如果我忘记了如何流着眼泪说抱歉,请你一定要储存起逝去的伤痛和来自下一站的幸福,告诉我那些微凉的等待终会开花。
如果我忘记了如何摘下面具,请你一定要不加粉饰的望着我的眼睛,直到篱墙剥落,告诉我那些柔软总需要有人去触摸。
如果我忘了如何拿昨天的弦继续今天的歌,请你一定要在爱的名义里种下永不衰败的藤,吹起永远清爽的风,让风舞藤鸣,告诉我那些像年轮一样旋转的音符,从未停下。
如果我忘记了如何应对斗转星移而沉寂如同地底枯萎的根,请你一定要在岁月的罅隙里横刀立马,斩落那些无法触摸的繁芜,然后叫醒我吧,在九月即将结束的时候,告诉我这样的世界有需要我为之奋斗的一切。
Part 1.流(六)月扉影
我们曾聒噪地渲染曾经,放大未来;我们曾认为那些不完美终究会被时间堙没;我们曾告诉自己现在所遭受的种种在将来可能会被当做笑料来津津乐道。然后这些都在无法抑制的前行里成为如意或者失意的现实。
青春的洪荒像漏斗一样滴滴答答晕开殷红。那些仗着年轻而肆无忌惮成长的日子已不复存在。
在高一即将结束的那段日子里,我每天骑四十分钟的自行车穿过清晨有些微凉轻仄的风,然后满头大汗的坐在教室里和名字都记不清晰的同学们熬过最后一段时光。七月上旬是夏季里最为炎热的时候,寝室里仅有的一台小吊扇只在规定的时间里规定开放,根本不足以平复翻江倒海的热度。室友小N抱怨我不和她们一起享受免费的“汗蒸场”,表情一本正经的十分可爱。
我们在初中的时候怀念小学,在高一的时候怀念初中,而现在高一又即将成为怀念。即使那些逝去的时光平静甘于淡水,浑噩至醉生梦死,沉淀之后也只剩下连自己都会讶异的熟稔,让人无限亲近。而对于将来,倒是无所畏惧的了,如果可以有些意外之喜那不妨更好,如果不能,那么就让它按照原来的恒定轨迹继续缓慢前行,然后依旧成为于过去大同小异的模糊片段。它们是色彩斑斓的发条,缠绕成让人不堪动容的河——那就是回忆。

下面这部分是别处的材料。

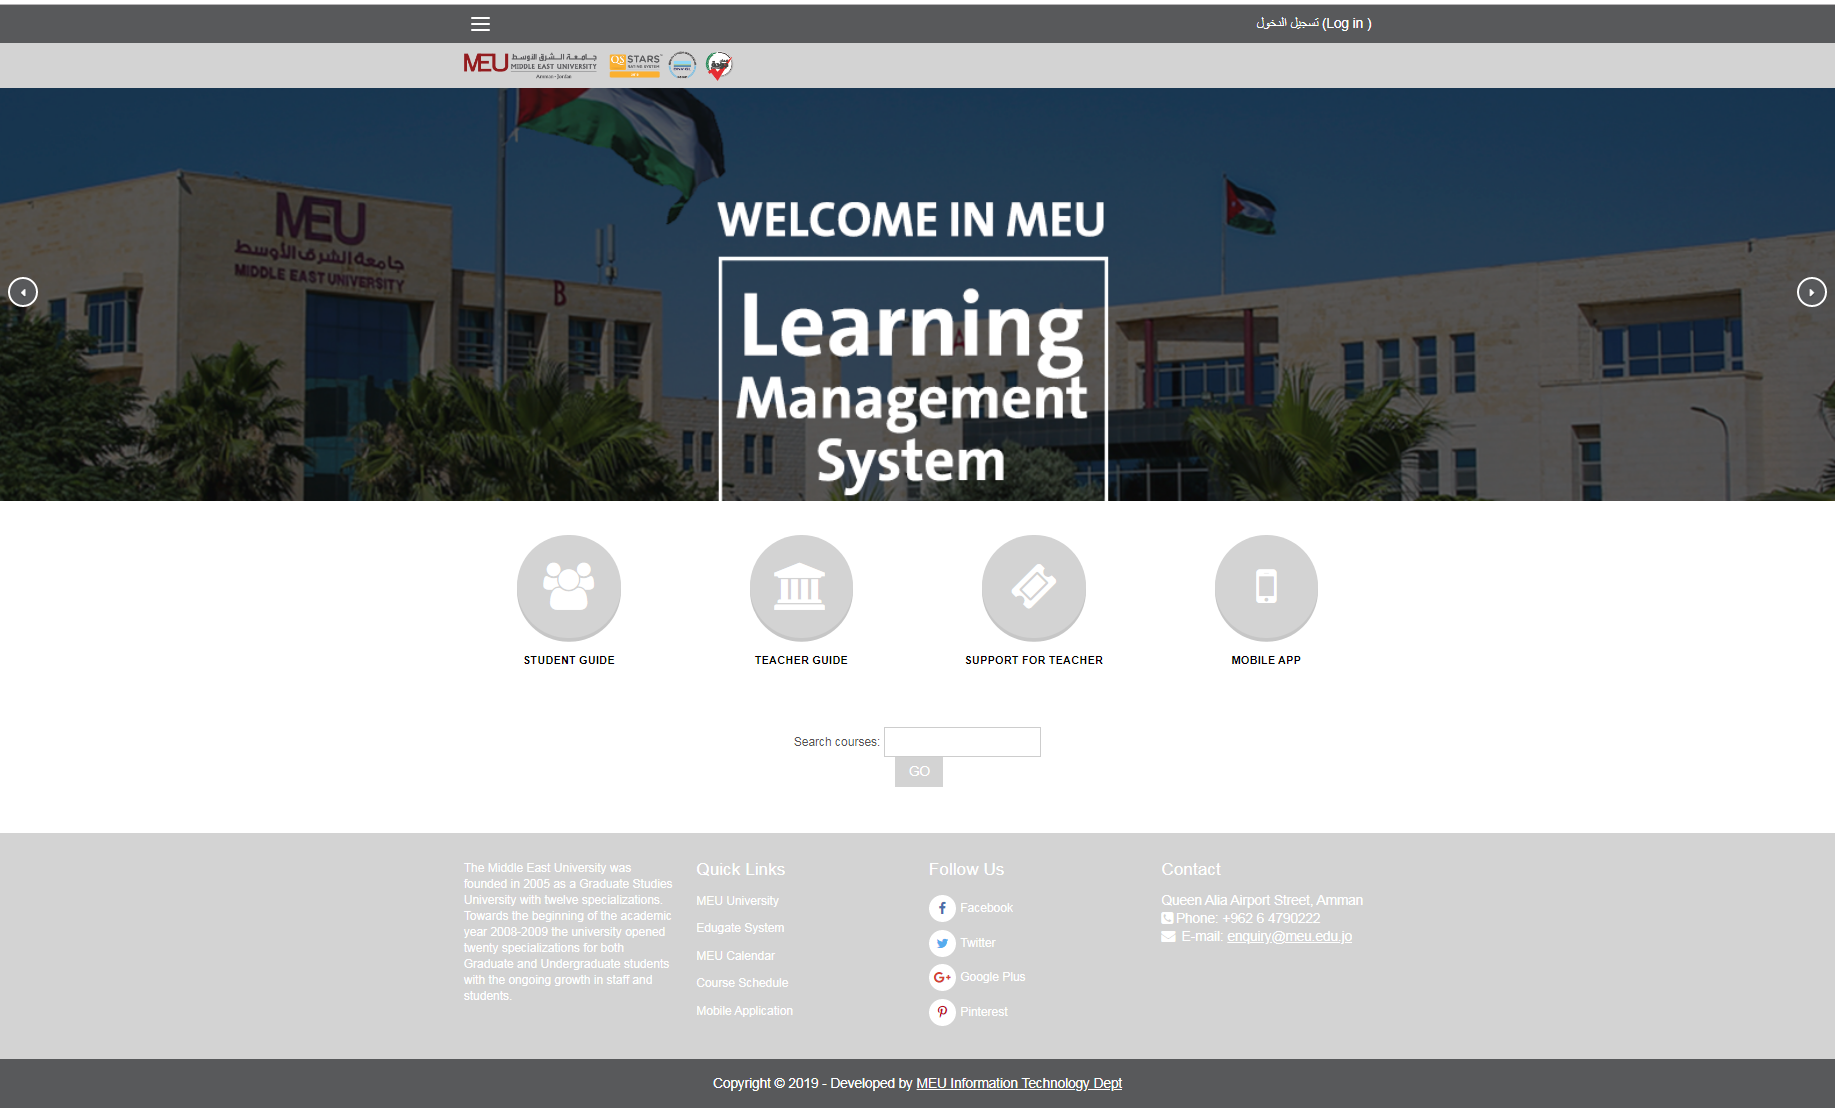 تكنولوجيا معلومات "الشرق الأوسط" تطلق واجهة تعليم الكترونيا جديدة ..  صورة

在考试之前的那几天温习假里,我倒是彻底的放松了,对于成绩的执念已经不像以前那么强烈,不清楚这种感觉是因为被埋没得有些随波逐流了还是心中不再屯居于那样狭隘的形式,有了一些更为远大的追求,又或者两者兼备。头角峥嵘的年少是不够稳重的少年,而我正逐渐的顺其自然。
抽了一个下午和同寝的姐妹们最后一次聚会,在KTV里疯狂地飚歌,关于离别想要说的话,诸如“真舍不得你们”“以后再不会遇到一个这么好的寝室了。”之类的却一句也没有说出口。我们本是旅途中陌生的ABCDEFG,因得某个共同的目的地而有了交集,本来是有些被动地相携手,却在日积月累的默契里成为发乎心止乎情的同心协力。我想日后的我断然不会对高一那些日复一日的荒芜年岁存有深刻的印象,但是对于这些可遇不可求的姐妹们我会用心铭记。我曾在一篇专门为我们寝室所写的日志《xxx寝室那点事儿》中写道:“可能我们之于彼此并不是最重要的,但是毕竟朝夕相处,无话不说,今后的日子里,只要想起你们我一定会微笑。”离别是灌了铅的结局,尽管早有预料,但它还是会逐渐衍生出一种不致撕心裂肺却让人心酸的情愫,是不舍也好,不习惯也好,终究悲伤化纱,成为过往。或许多年以后我们成了见了面需要分辨许久才会认出彼此的朋友,那只是证明我们在新的道路上不曾停下。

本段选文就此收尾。